# [ABOUT THIS TASK]
Repeat the data exactly. Pictures stay out.

# [THE DATA]
━━━

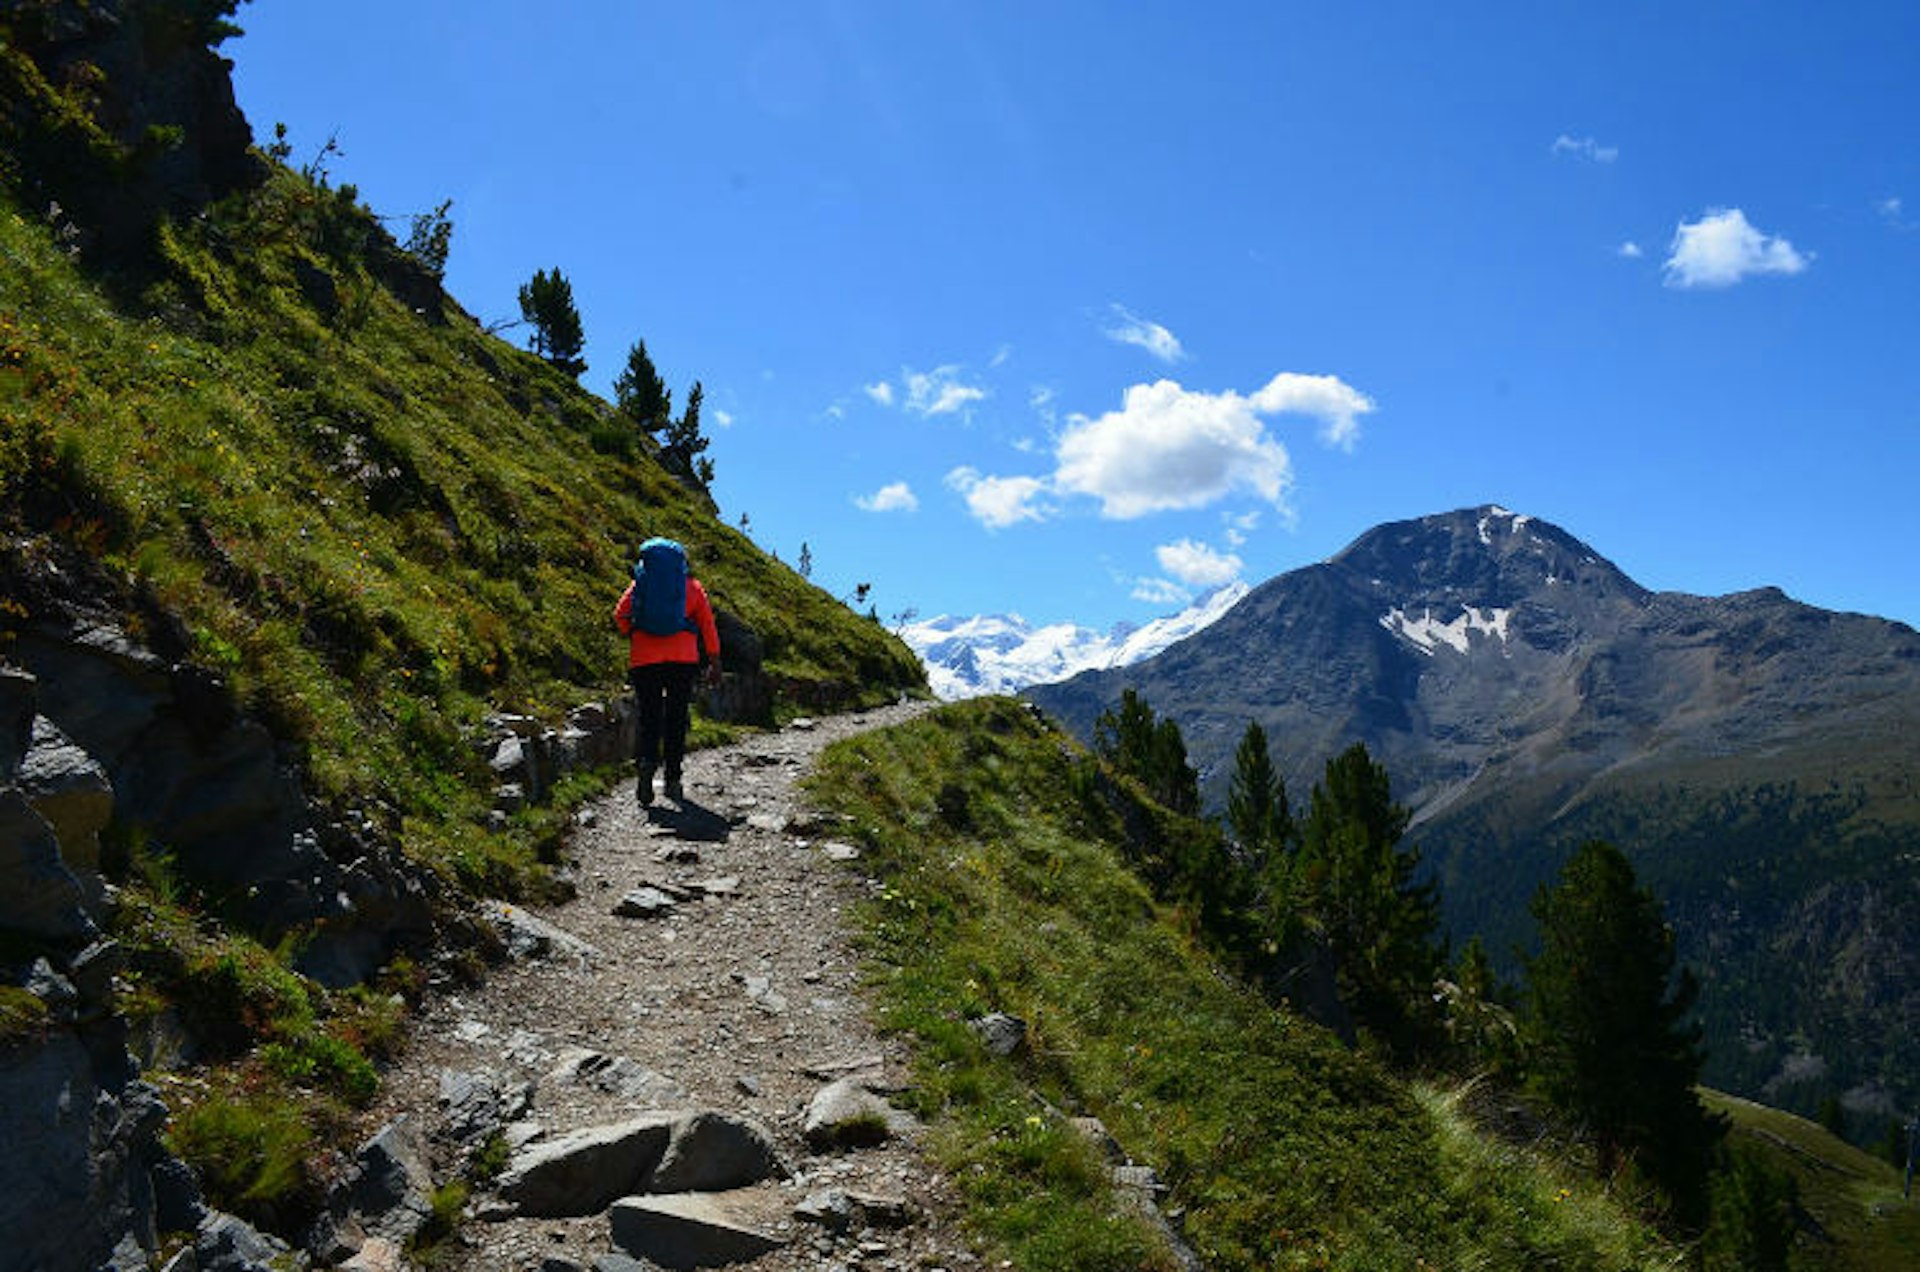 Summer hiking in the Swiss Alps with clear blue skies. Image by Kate Morgan/Lonely Planet
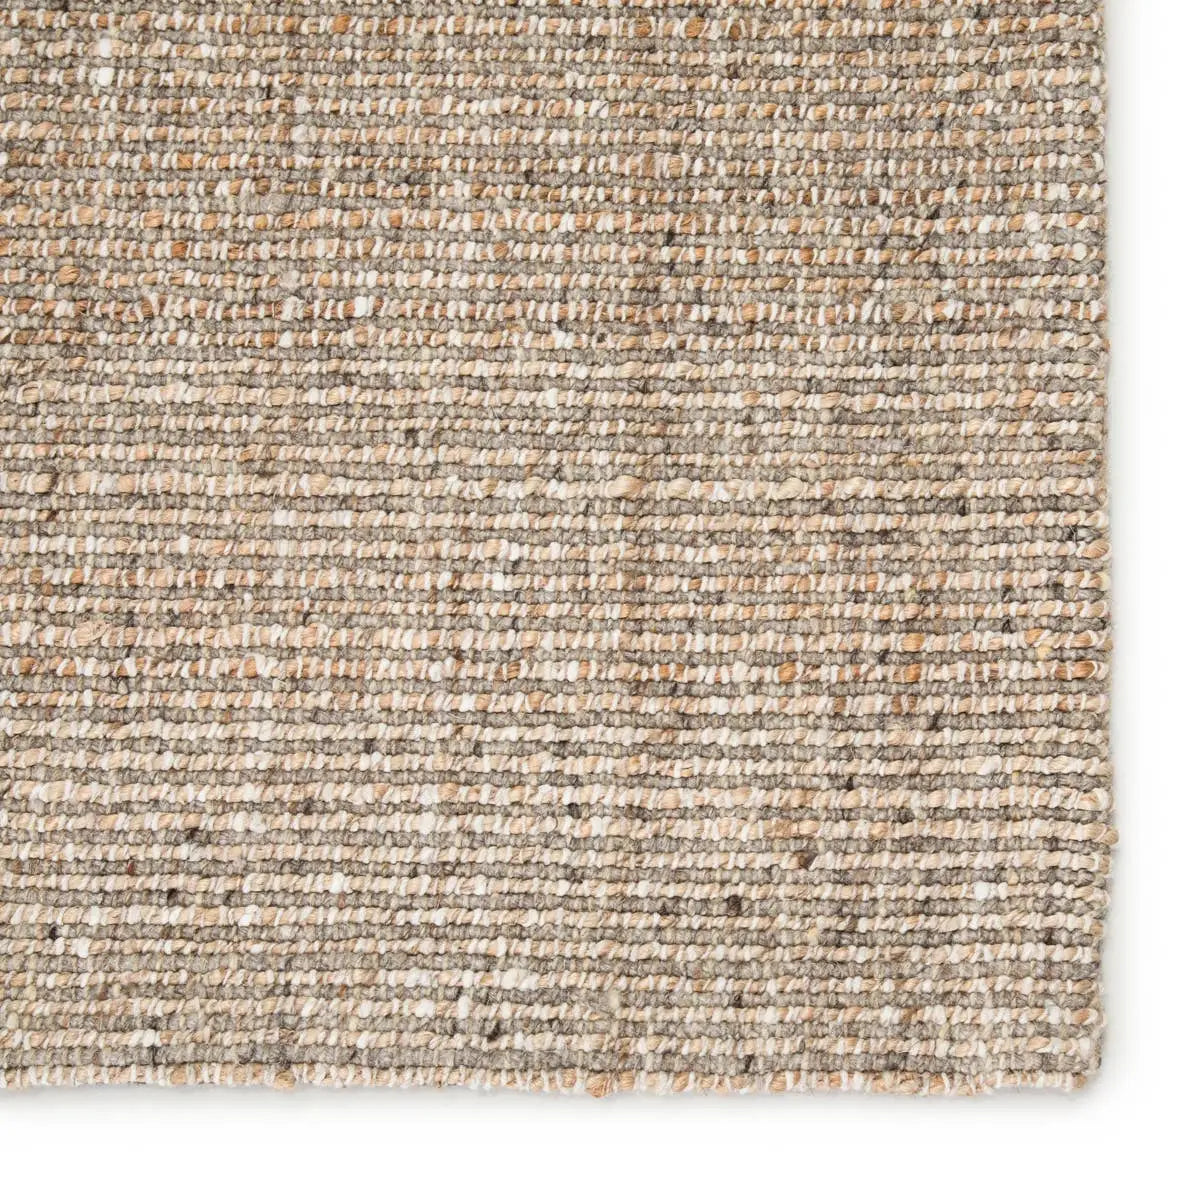 The Monterey Sutton Rug features luxury natural styles with a blend of grass fibers and soft yarns. Handwoven of jute, wool, polyester, and viscose, the sophisticated Sutton area rug boasts a versatile, heathered design. The effortless, clean look of this tan and black rug complements any modern space. Amethyst Home provides interior design services, furniture, rugs, and lighting in the Kansas City metro area.
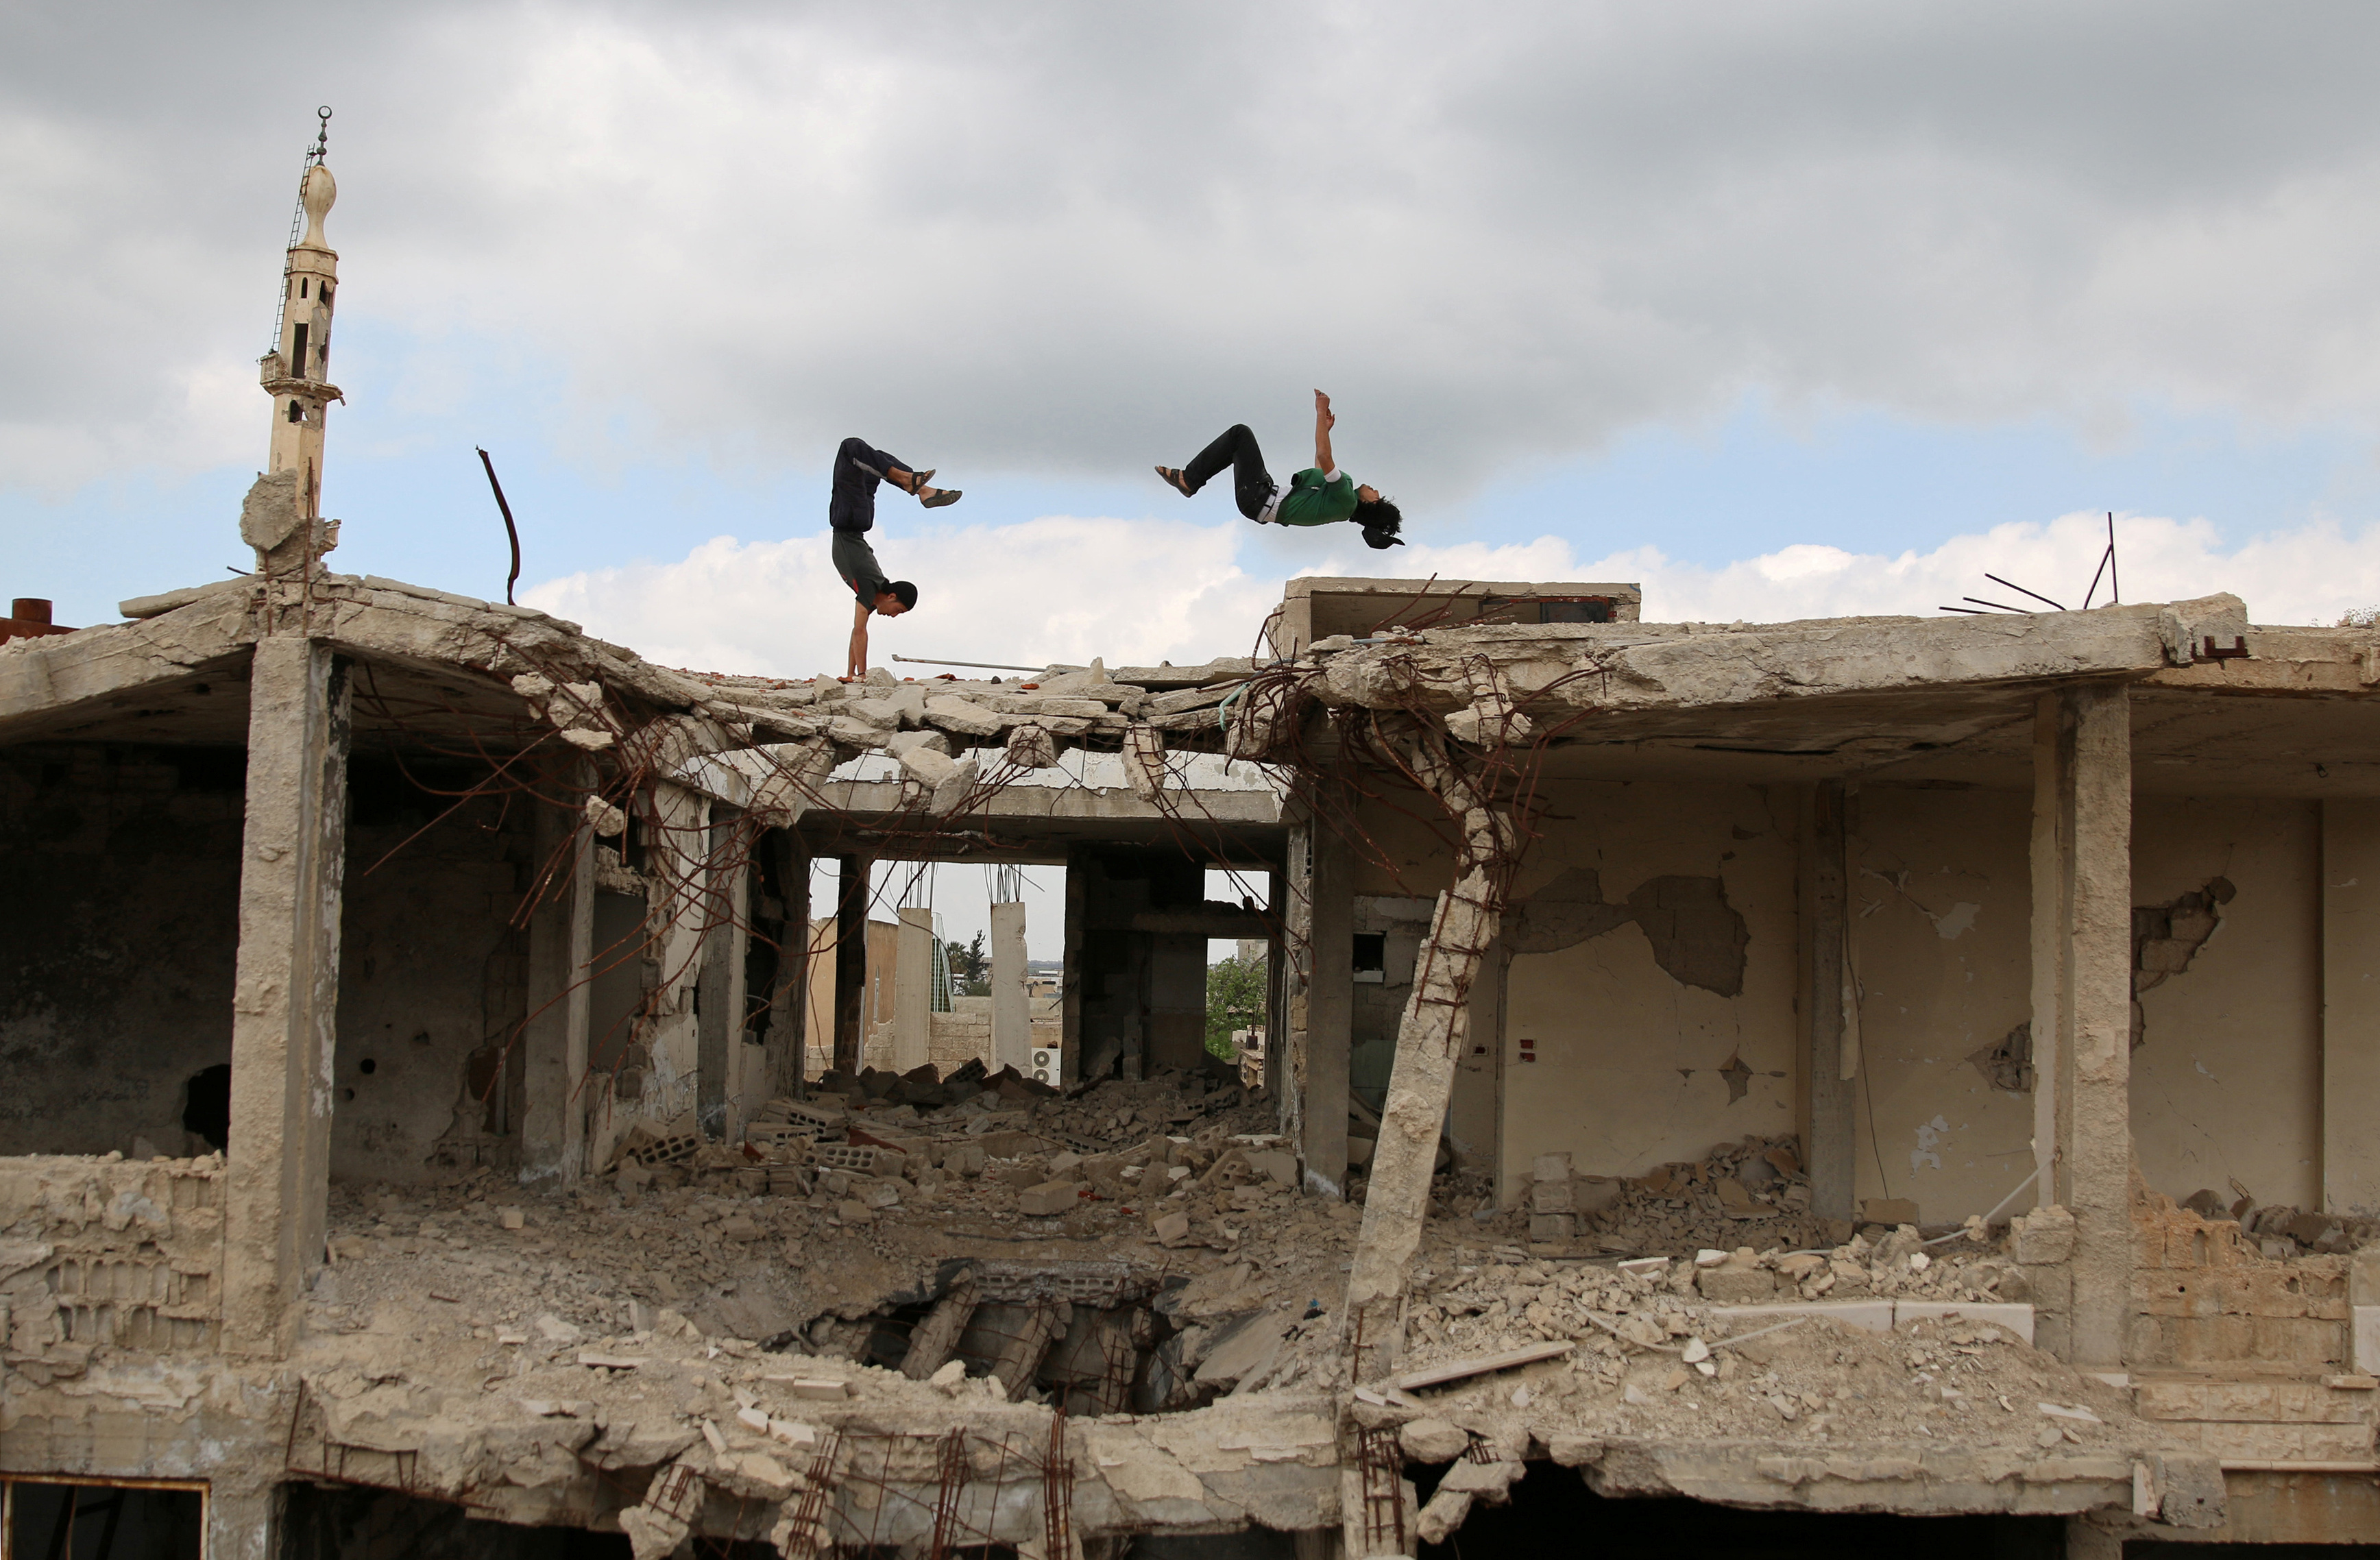 Syrian teenagers perform Parkour moves atop city ruins.

━━━

# [RESPONSE TO THE TASK]
 Summer hiking in the Swiss Alps with clear blue skies. Image by Kate Morgan/Lonely Planet
 The Monterey Sutton Rug features luxury natural styles with a blend of grass fibers and soft yarns. Handwoven of jute, wool, polyester, and viscose, the sophisticated Sutton area rug boasts a versatile, heathered design. The effortless, clean look of this tan and black rug complements any modern space. Amethyst Home provides interior design services, furniture, rugs, and lighting in the Kansas City metro area.
 Syrian teenagers perform Parkour moves atop city ruins.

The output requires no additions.